Signaling events in amyloid β-peptide-induced neuronal death and insulin-like growth factor I protection

Wanli Wei, Xiantao Wang, John W. Kusiak

Research output: Contribution to journalArticlepeer-review

173 Scopus citations


Amyloid β-peptide (Aβ) is implicated as the toxic agent in Alzheimer's disease and is the major component of brain amyloid plaques. In vitro, Aβ causes cell death, but the molecular mechanisms are unclear. We analyzed the early signaling mechanisms involved in Aβ toxicity using the SH-SY5Y neuroblastoma cell line. Aβ caused cell death and induced a 2- to 3-fold activation of JNK. JNK activation and cell death were inhibited by overexpression of a dominant-negative SEK1 (SEK1-AL) construct.

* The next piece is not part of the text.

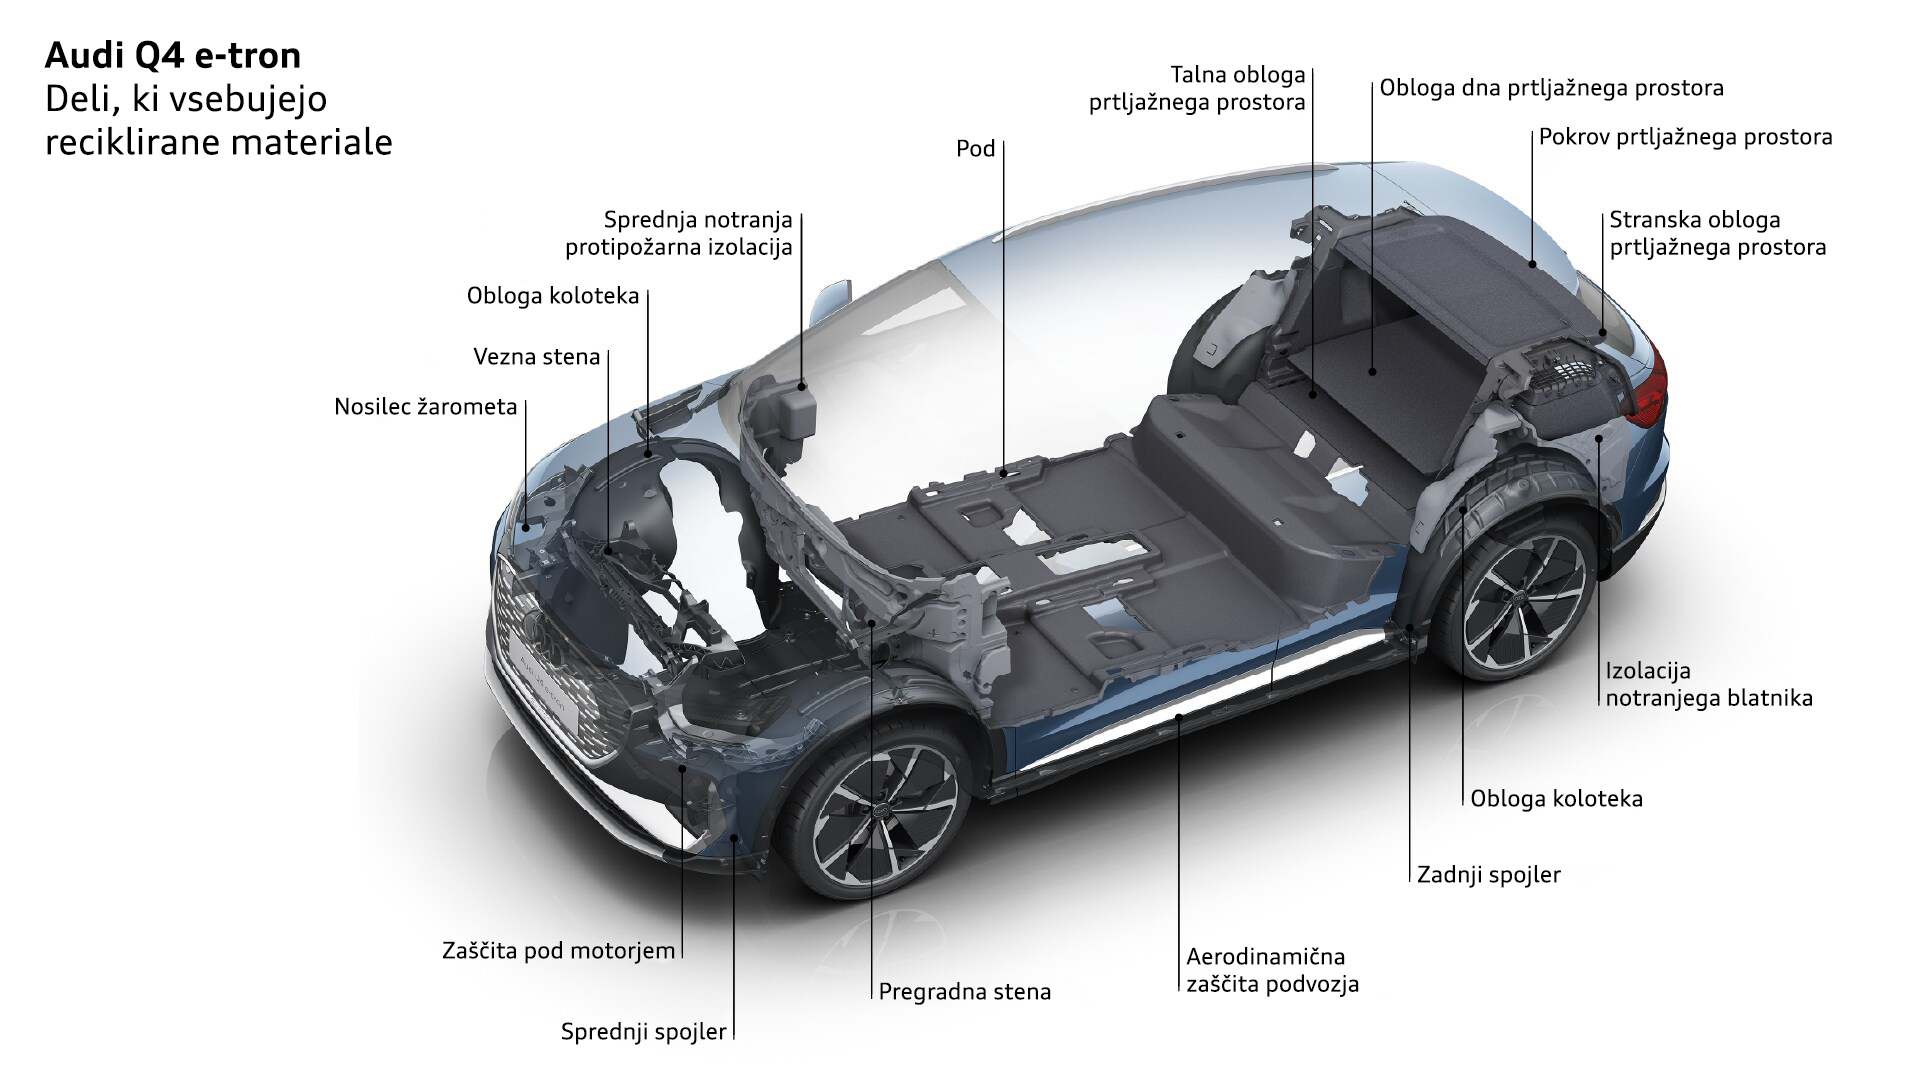 Električni Audi Q4 e-tron ima več kot 20 delov, ki vsebujejo delež recikliranega materiala.

Butyrolactone I, a cdk5 inhibitor, had an additional protective effect against Aβ toxicity in these SEK1-AL-expressing cells suggesting that cdk5 and JNK activation independently contributed to this toxicity. Aβ also weakly activated ERK and Akt but had no effect on p38 kinase. Inhibitors of ERK and phosphoinositide 3-kinase (PI3K) pathways did not affect Aβ-induced cell death, suggesting that these pathways were not important in Aβ toxicity. Insulin-like growth factor I protected against Aβ toxicity by strongly activating ERK and Akt and blocking JNK activation in a PI3K-dependent manner. Pertussis toxin also blocked Aβ-induced cell death and JNK activation suggesting that Gi/o proteins were upstream activators of JNK. The results suggest that activation of the JNK pathway and cdk5 may be initial signaling cascades in Aβ-induced cell death.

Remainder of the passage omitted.